COLLECTED DATA
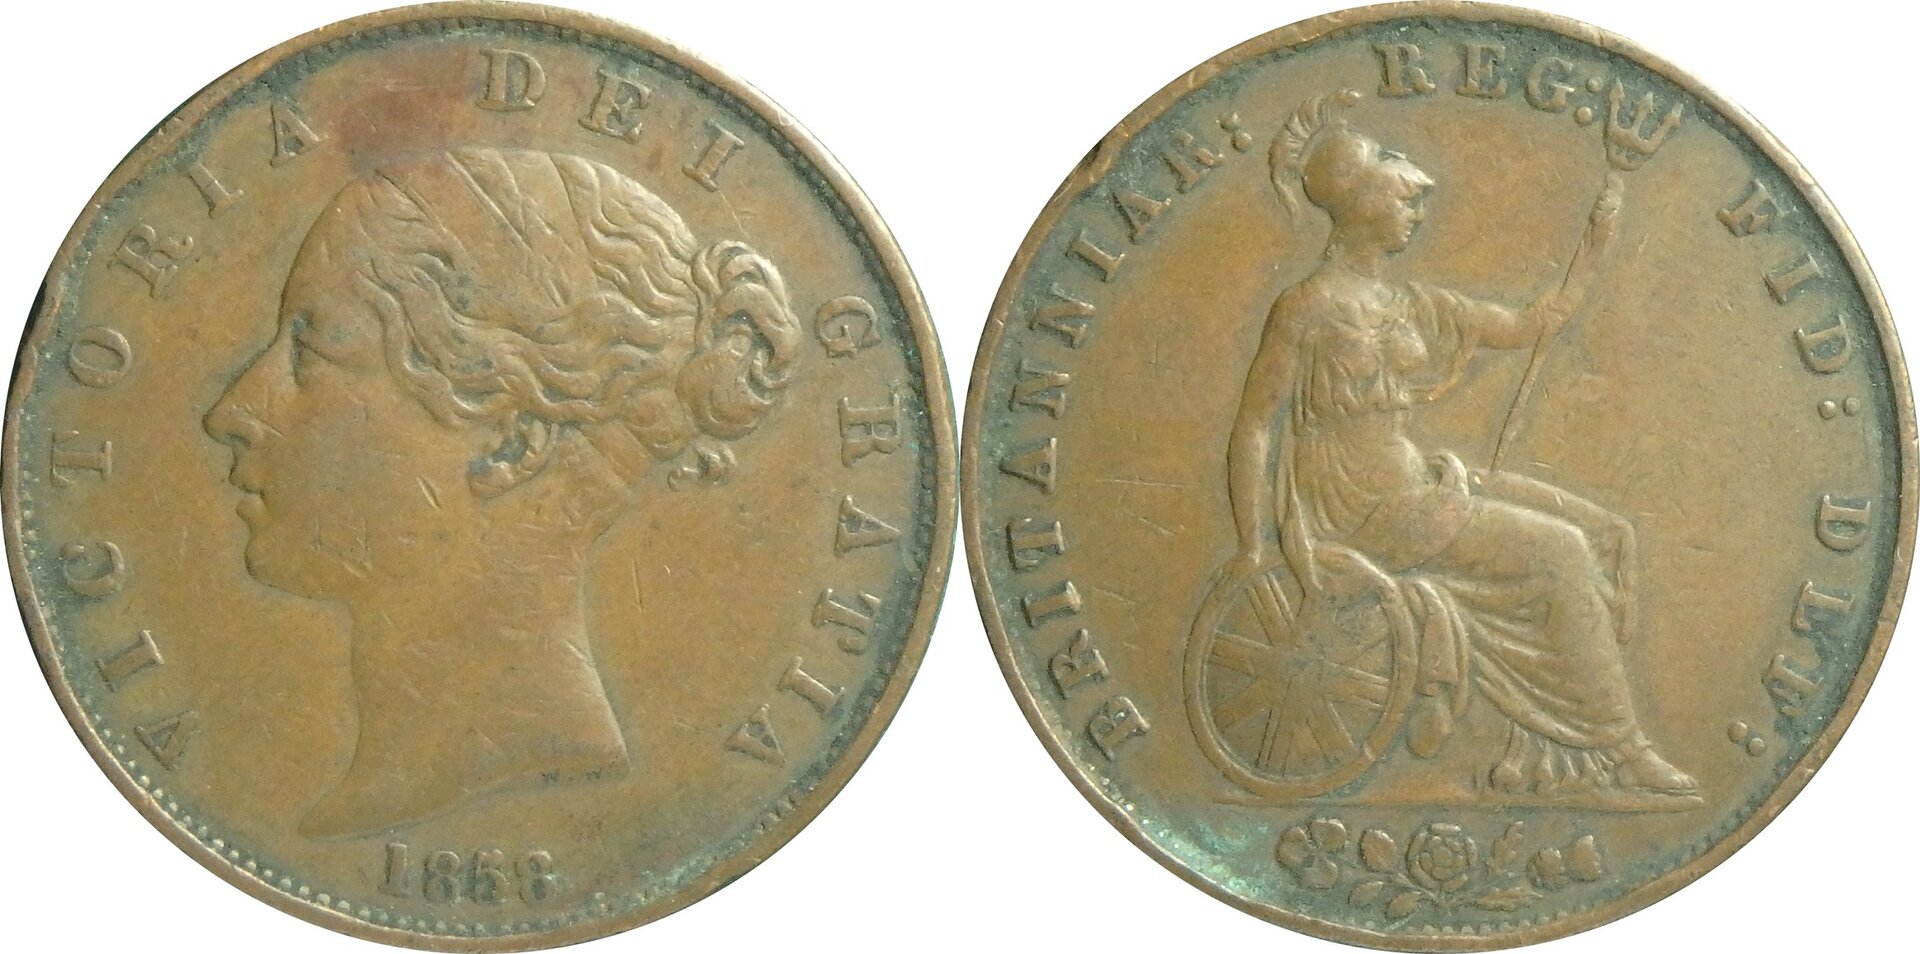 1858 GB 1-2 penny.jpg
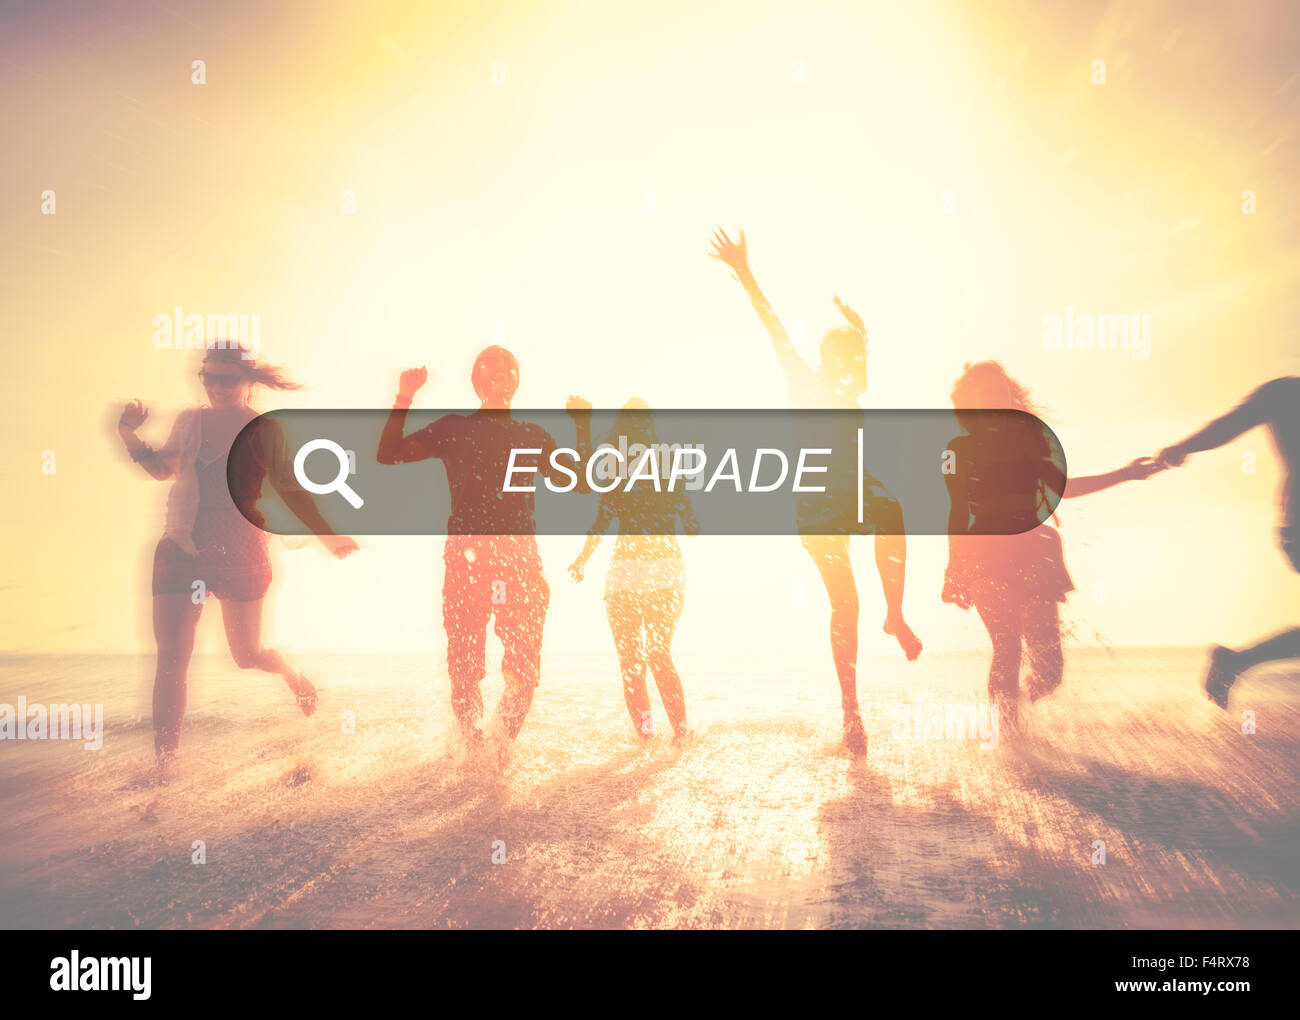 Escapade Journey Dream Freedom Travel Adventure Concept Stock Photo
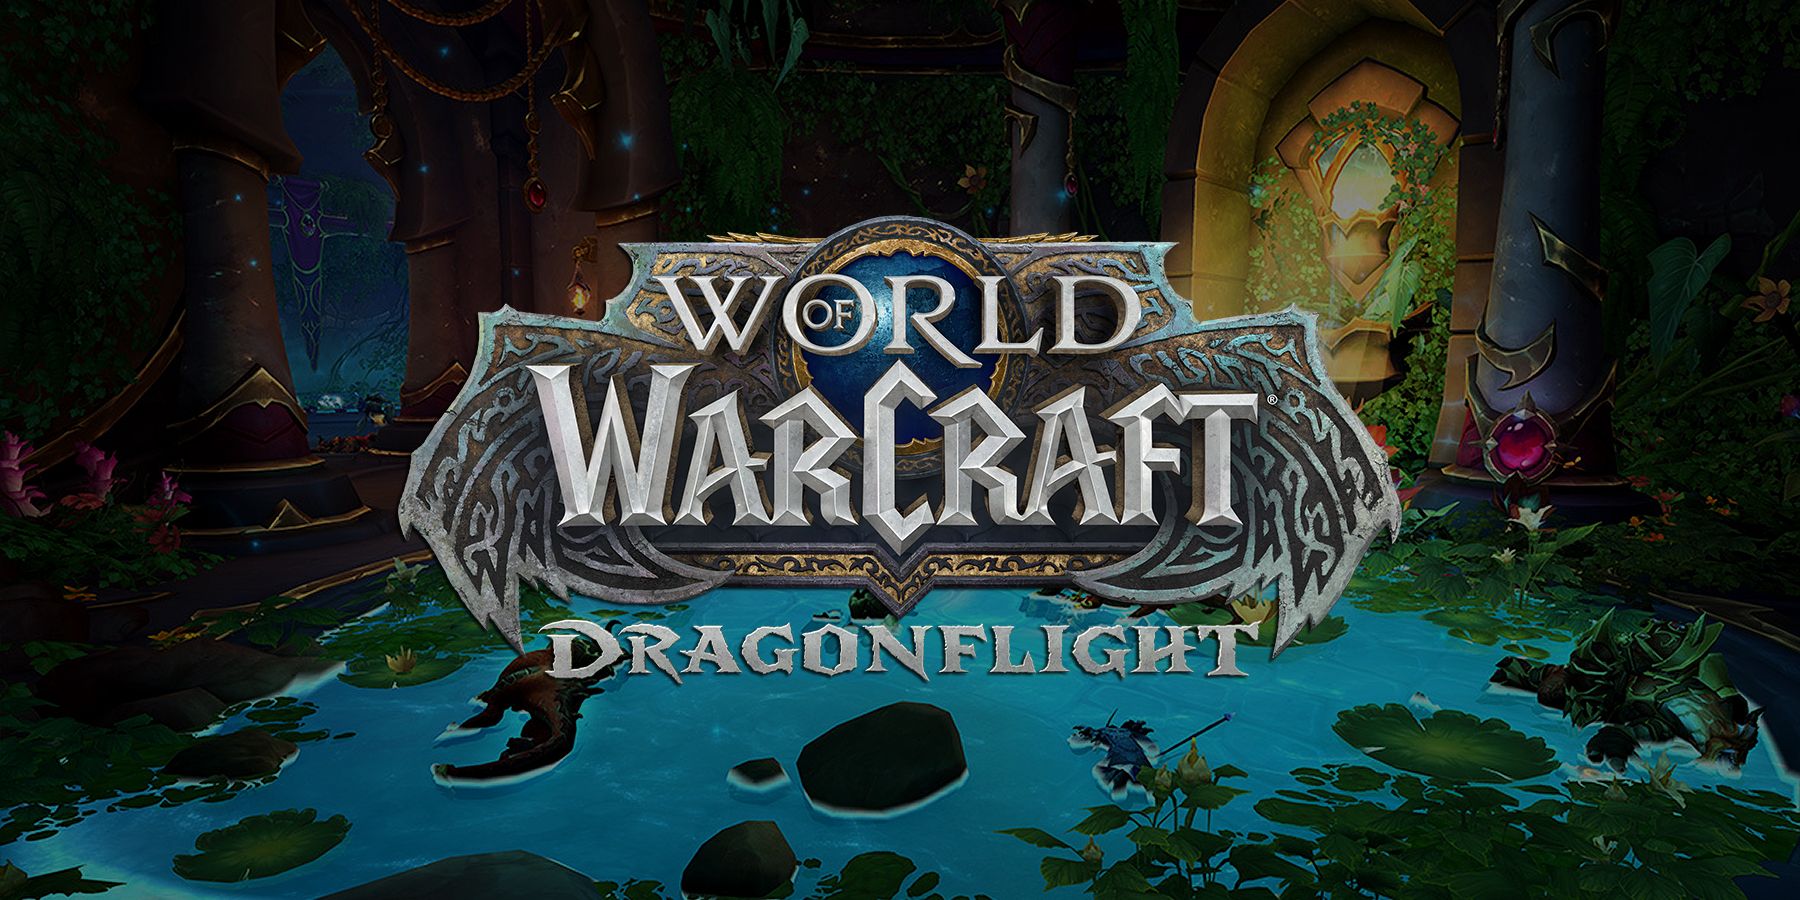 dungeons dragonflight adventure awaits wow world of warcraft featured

WHAT NEEDS TO BE DONE
Drop the pictures, then reproduce exactly the lines from the one with "Escapade Journey Dream" through the final line of the listing.

REPLY TO THE TASK
 Escapade Journey Dream Freedom Travel Adventure Concept Stock Photo
 dungeons dragonflight adventure awaits wow world of warcraft featured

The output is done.